Someone may ask, "why did you visit a monastery? do y'all want to become nuns or something?" My answer would be, "no, it's because we want to be better Christians." In a community such as Holy Protection, there are 18 nuns working out their salvation as a group, as a spiritual family. They operate on a schedule which includes common and individual prayer, plenty of work, and the offering of hospitality to guests. The life of these women centers around love, humility and obedience to Christ and His Church, virtues for which all Christians strive to attain. These are the means by which one empties oneself to allow room for Christ to fill him or her.
We had the blessing to hear Father Mark Andrews, the priest who serves there, speak in his homily on Sunday's Gospel (Matthew 14:22-34) about Christ walking on water. He said that the miracle was not that He or even Peter walked on water, but the fact that He did not yet calm the storm. When Peter walked out onto the water from the boat, he was distracted by the wind of the continuing storm and began to sink. Father said that we should not focus or analyze the stormy situations of our lives, because it can lead us to a debate with the evil one. However, what we should do is to focus on the face of Christ alone. To not be 'of little faith' but to trust that He will eventually calm these tempests, these times of trial. This homily helped me personally because in just this past year, I've experienced some pretty severe thunderstorms in my introduction to the so-called 'real world'---being further away from my family, painfully losing a relationship, a job ending prematurely, and engaging in the tiring battle with the temptation to despair. Thanks be to God, although quite imperfectly on my part, and mostly due to His part, I've somehow managed to see His face, to feel His hand, and to sense His presence during this year of storms. The calm is gradually coming closer.
We also were blessed with some girl-hang-out-time with the wonderful Abbess Olympiada. I think that God knew that we all needed her in our own ways at that particular time. She gave us encouragement and emphasized that the tools of obedience, humility, simplicity, and discernment (which is the crown of virtues) are what we need to focus on the face of Christ. Of course, we did not just hear the words that weekend, but we got a small chance to catch a glimpse of how the nuns there live and breathe these things daily in their lives in the most concrete ways.

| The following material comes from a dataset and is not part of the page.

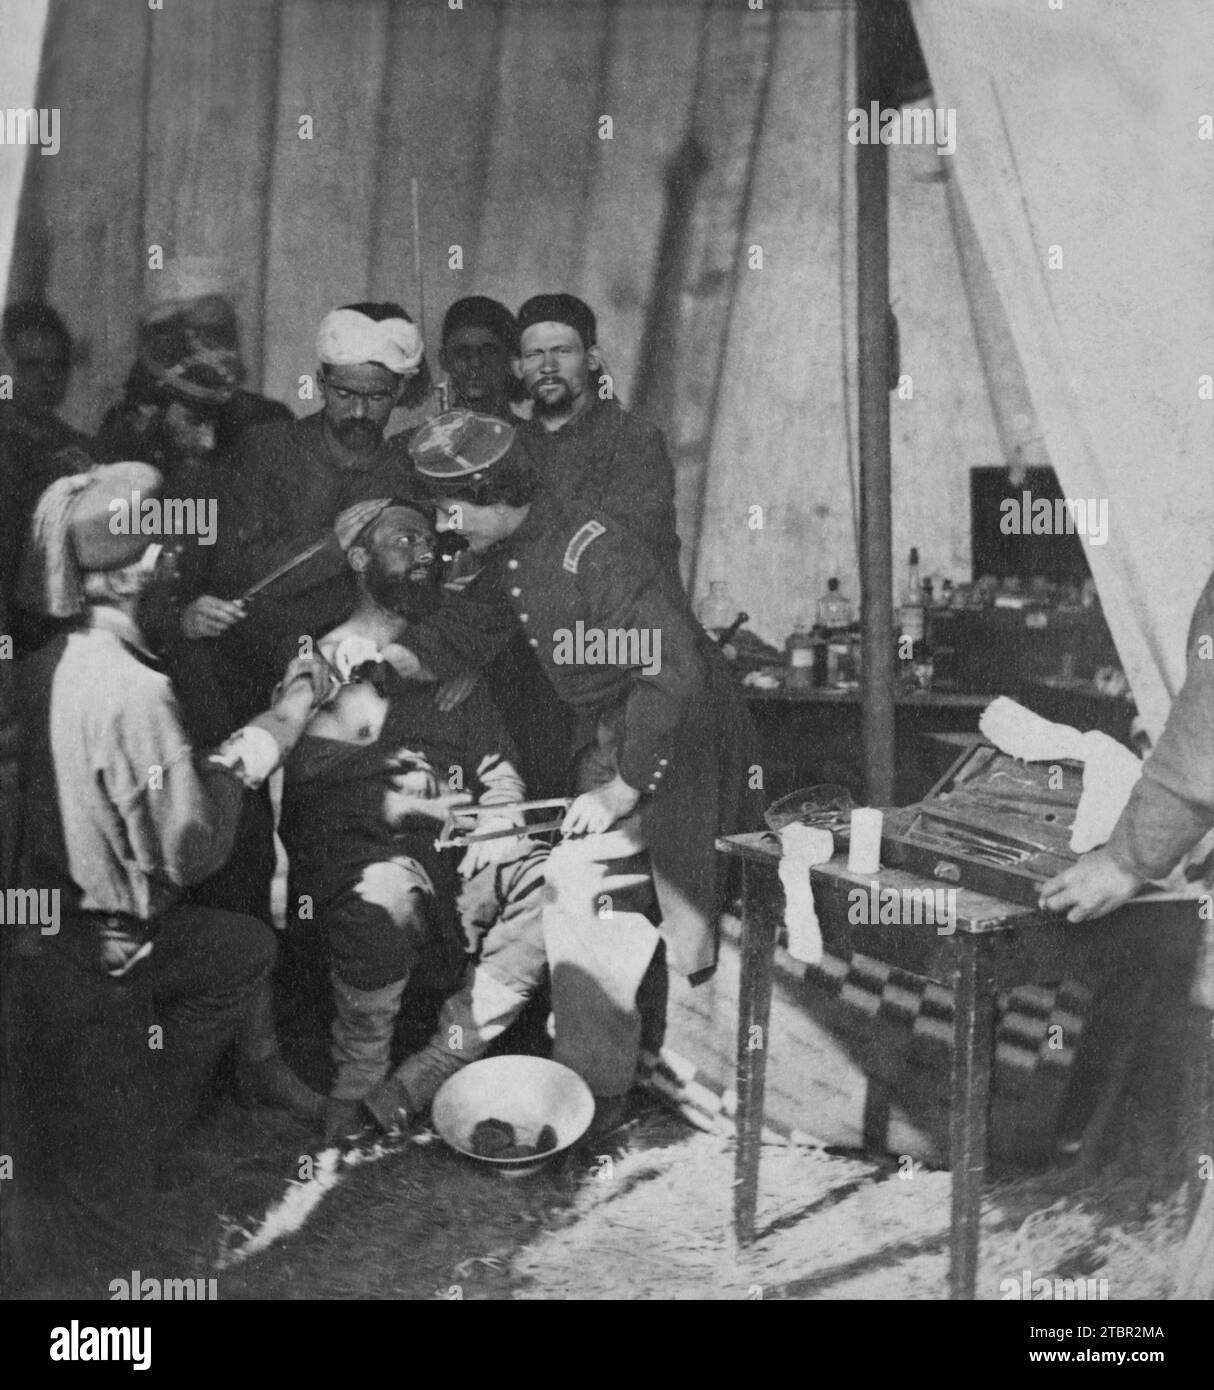 1861: Hospital scene at Fortress Monroe, Virginia. Stereograph shows Zouave soldiers, possibly from the 5th New York Infantry Regiment, in a field hos Stock Photo

Although the monastery visits are necessary to help us in our spiritual life, we also see people in the world, especially in my own parish, who strive to live like these nuns, to focus on Christ. God allowed me in the midst of my own difficulties this year to get to know families who practice obedience to God and to each other with love and warmth, and who also teach their children to discern what is for the benefit of their souls. Again, all this being done in the midst of trials and tribulations, but with hope and focus on Christ that He will calm the storm eventually.
I am quite thankful to not only learn the theory of focusing on Christ, but also to actively place my sins and challenges at His feet, to surrender to Him to take care of it. Visiting the monastery gave me the opportunity to see concrete and real examples of people who struggle daily to do so. Let us "take heart and have no fear" for He is here with us and will calm the storm.